**Instructions for the task**:
An exact copy of all the data is required, with pictures left out.

**Data shown**:
Content starts
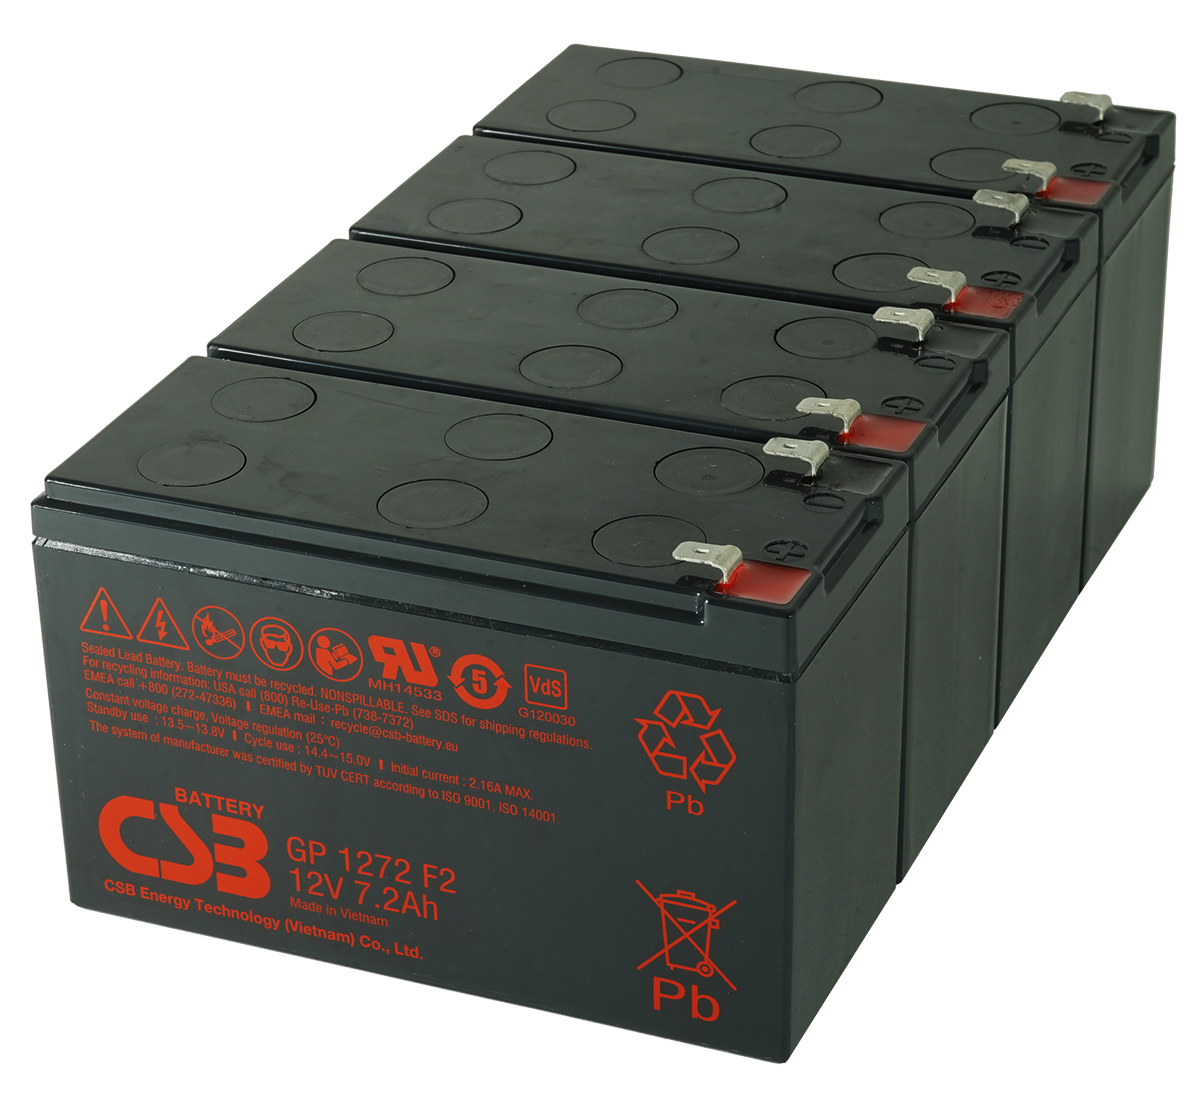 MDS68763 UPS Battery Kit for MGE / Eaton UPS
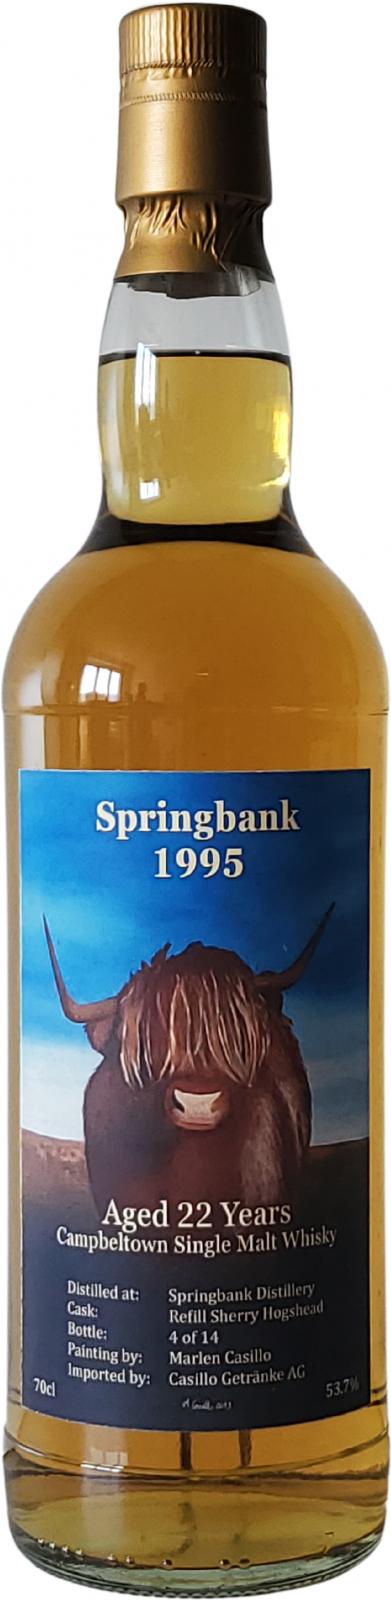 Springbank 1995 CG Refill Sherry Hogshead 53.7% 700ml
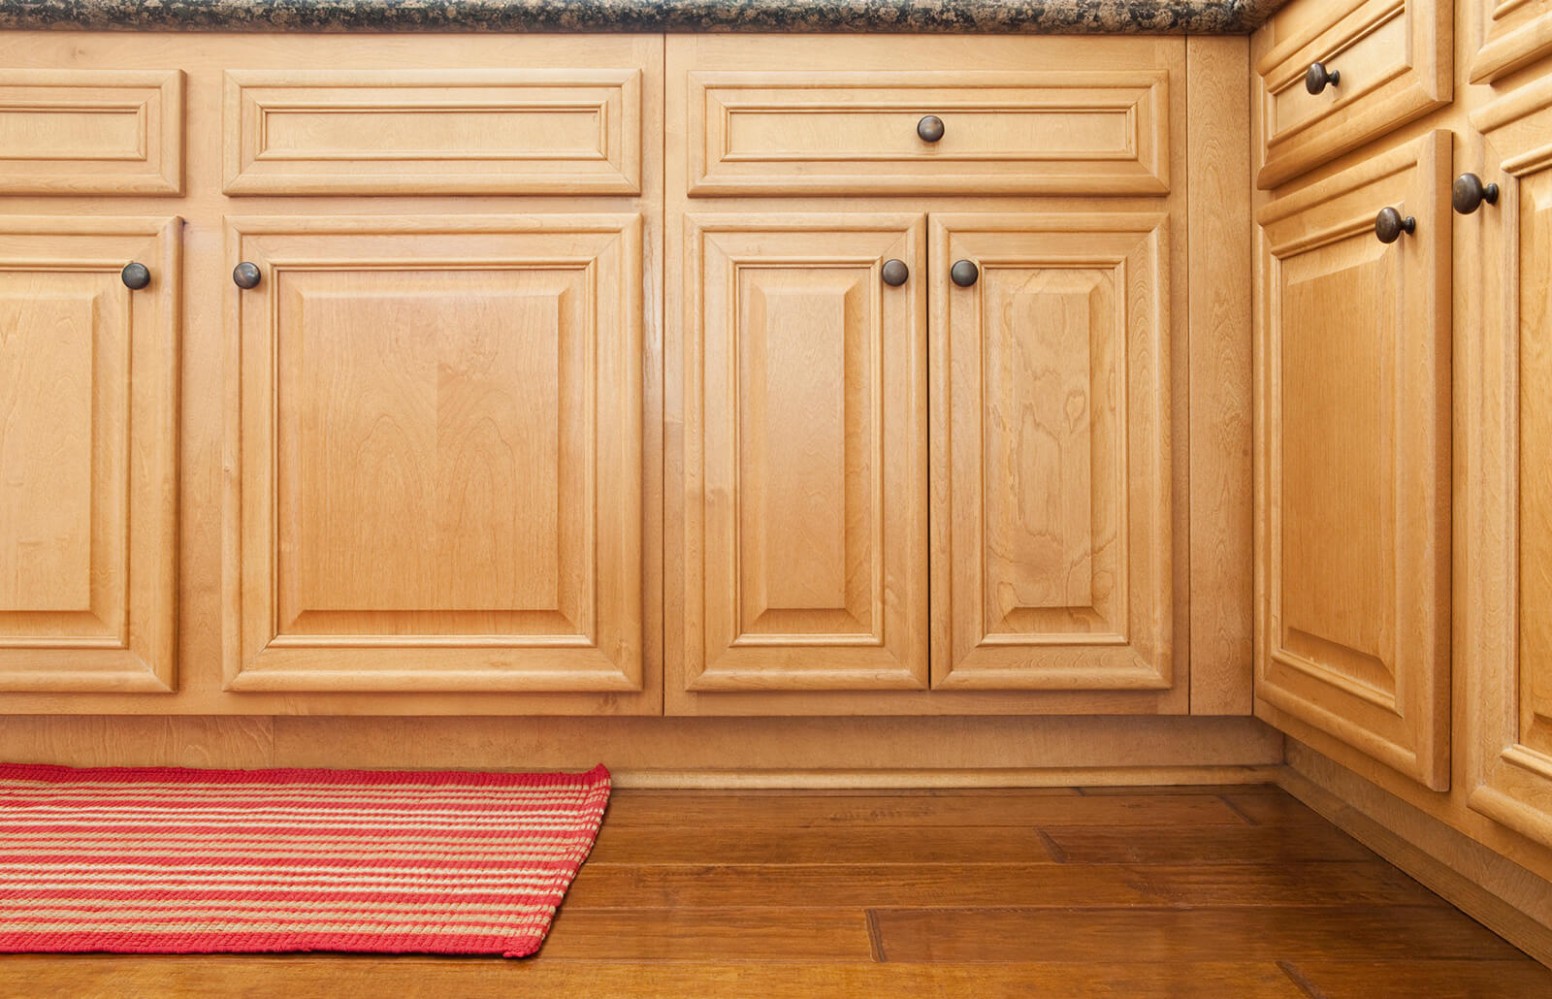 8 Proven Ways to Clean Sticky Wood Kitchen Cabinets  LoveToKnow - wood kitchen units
Content ends
**Solved exercise**:
 MDS68763 UPS Battery Kit for MGE / Eaton UPS
 Springbank 1995 CG Refill Sherry Hogshead 53.7% 700ml
 8 Proven Ways to Clean Sticky Wood Kitchen Cabinets  LoveToKnow - wood kitchen units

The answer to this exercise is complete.